--- THE PROBLEM ---
Only the lines below between the one holding "Derbyshire Tech Help" and the one holding "A picture of", inclusive, are to be reproduced word for word; the pictures are to be left out.
====== PROVIDED MATERIAL
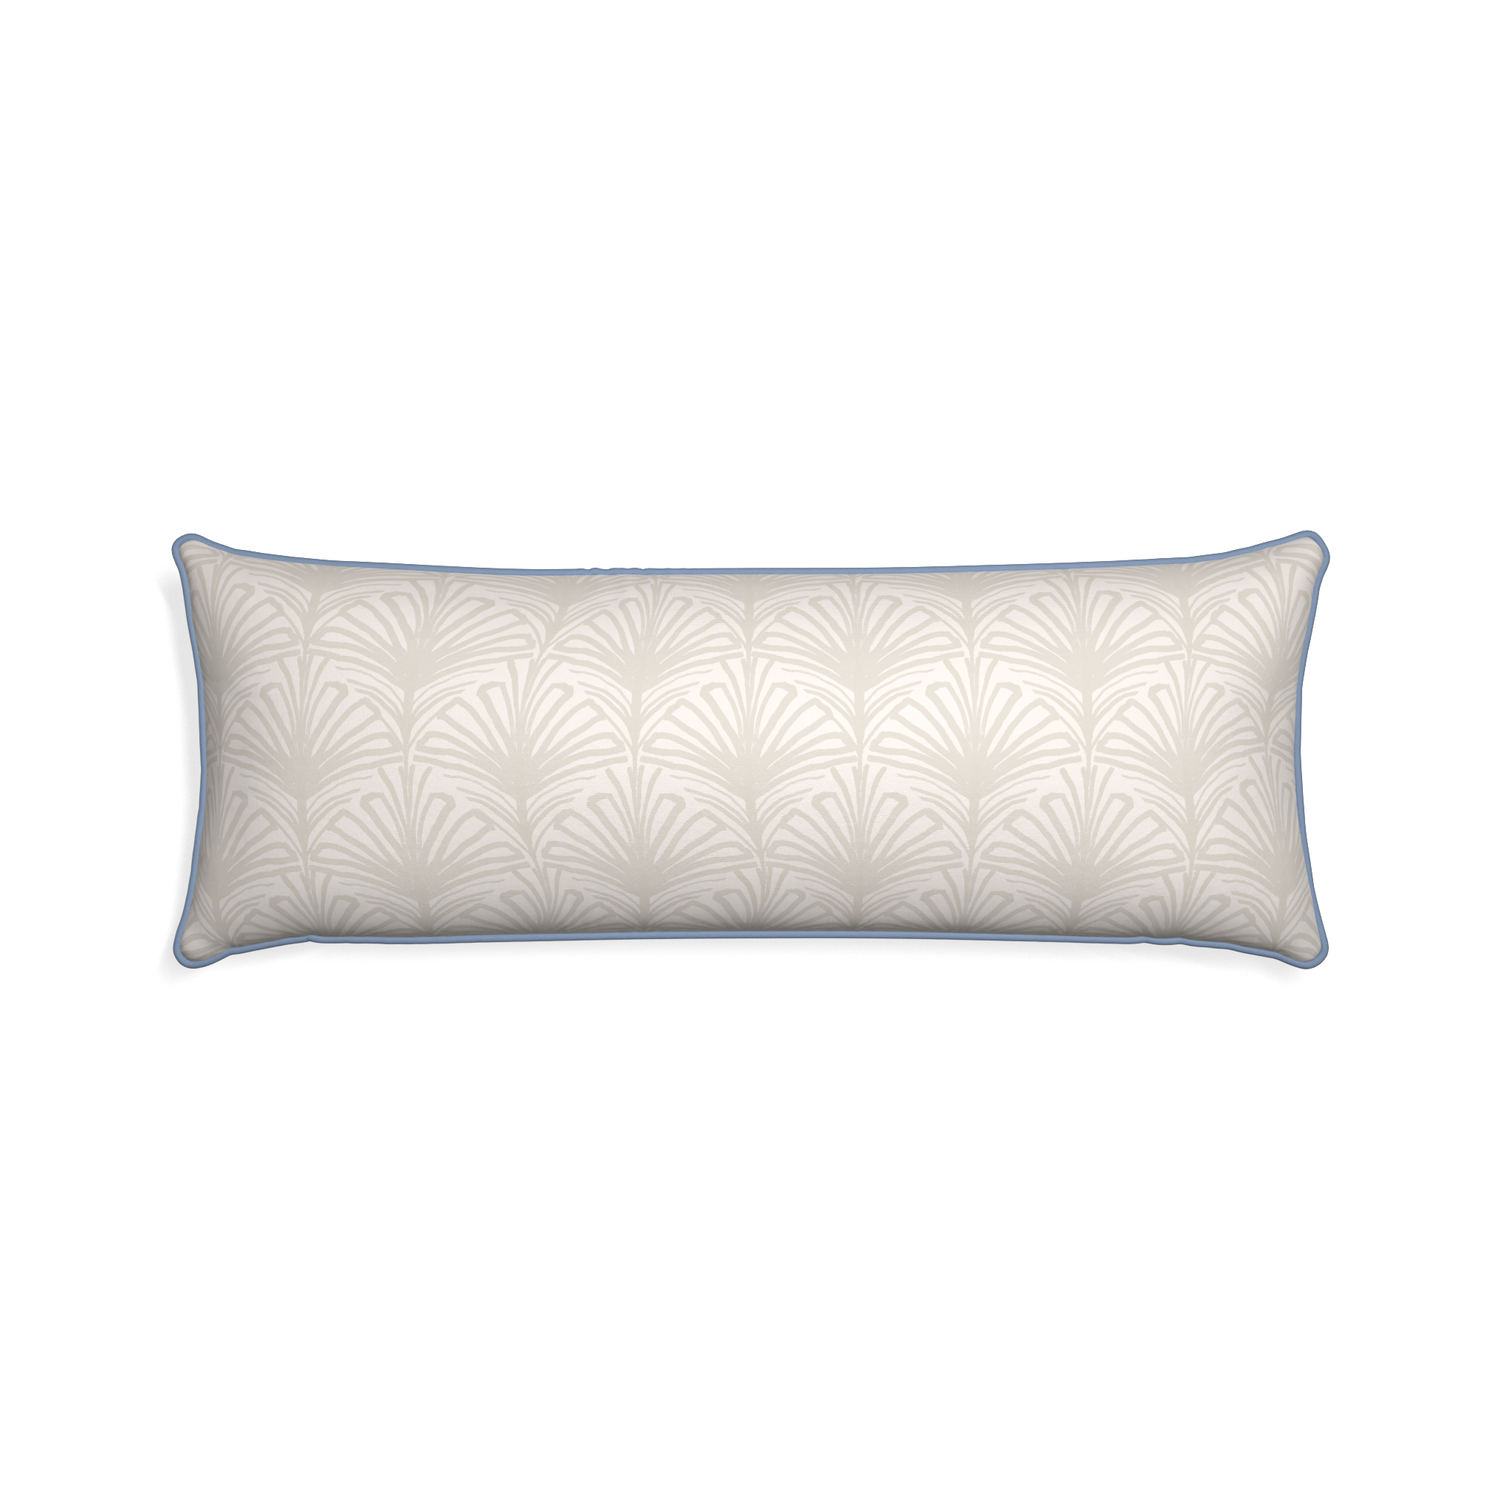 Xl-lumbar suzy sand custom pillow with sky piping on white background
============
====== PROVIDED MATERIAL
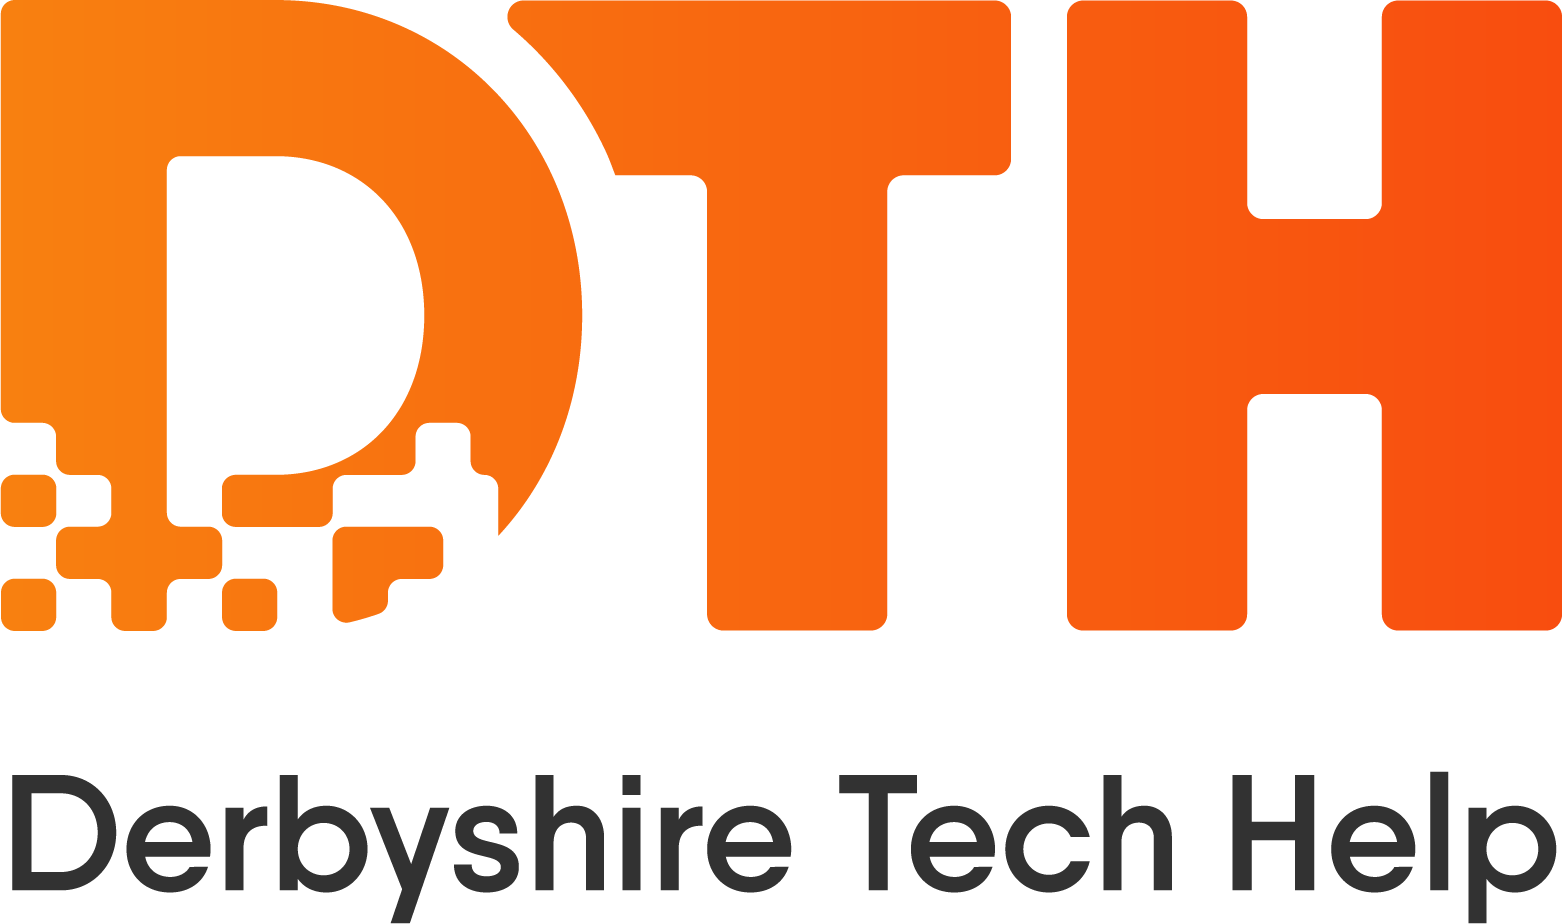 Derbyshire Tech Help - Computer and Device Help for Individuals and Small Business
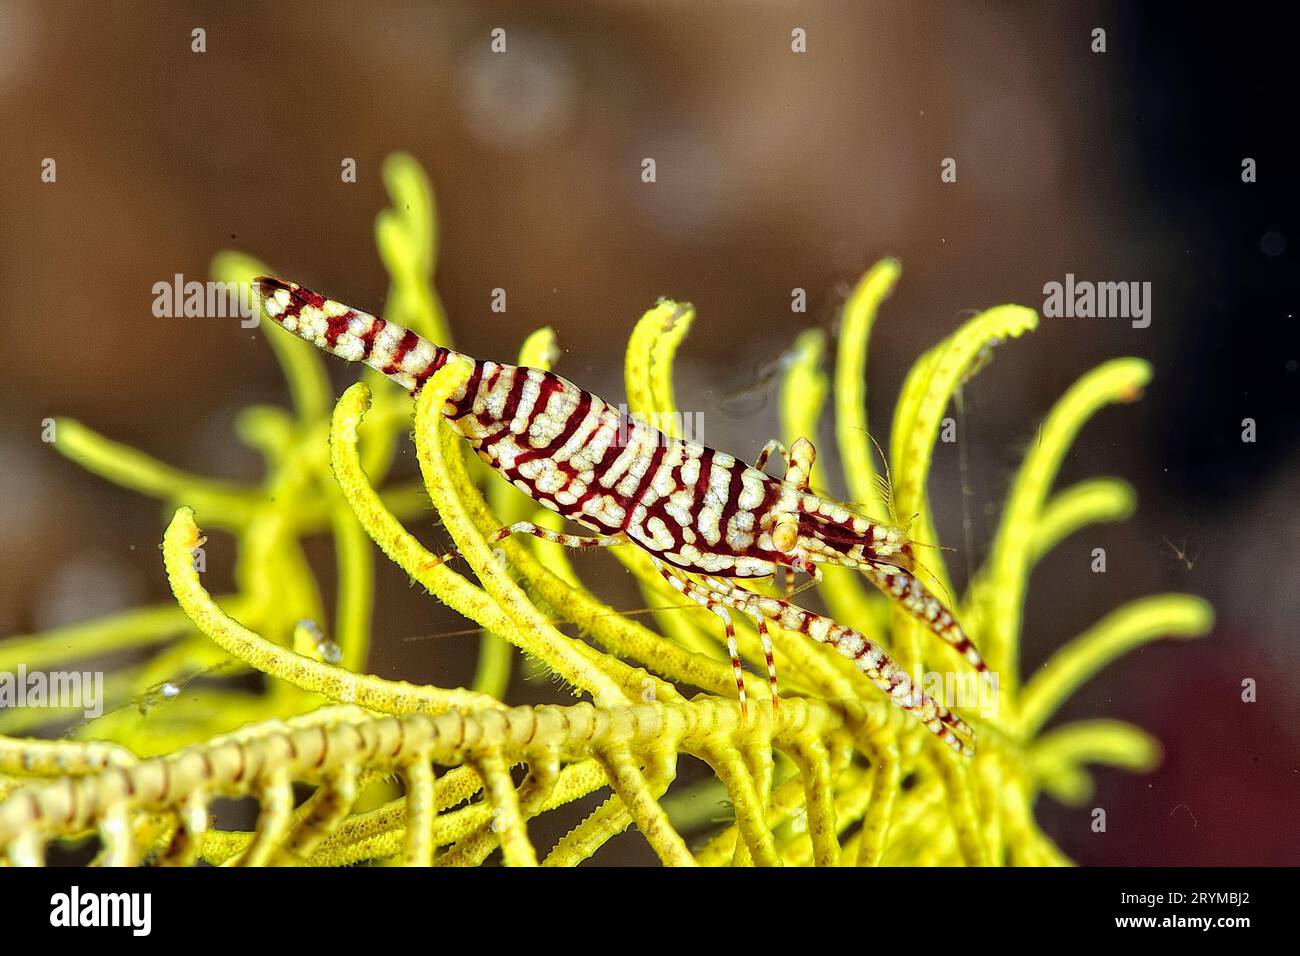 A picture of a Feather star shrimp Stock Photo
============
====== PROVIDED MATERIAL
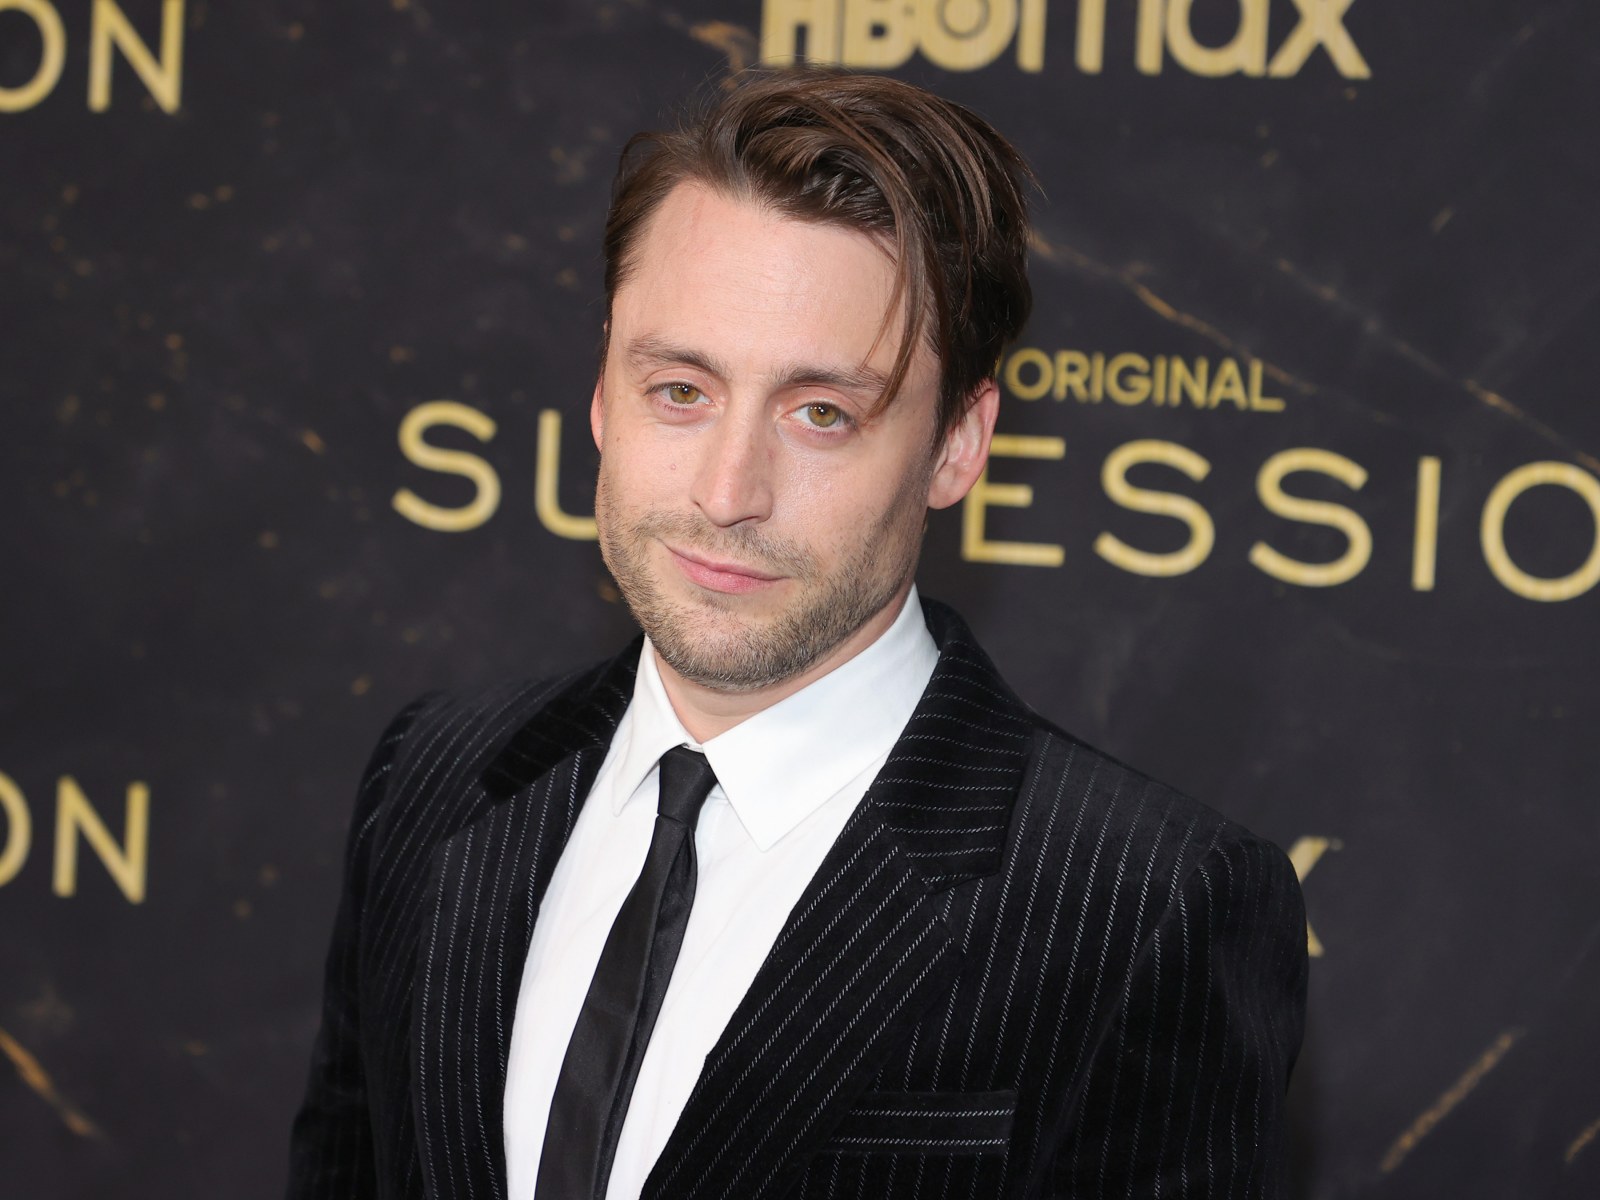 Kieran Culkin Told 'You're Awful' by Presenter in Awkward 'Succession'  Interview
============
--- OUTPUT BELOW ---
 Derbyshire Tech Help - Computer and Device Help for Individuals and Small Business
 A picture of a Feather star shrimp Stock Photo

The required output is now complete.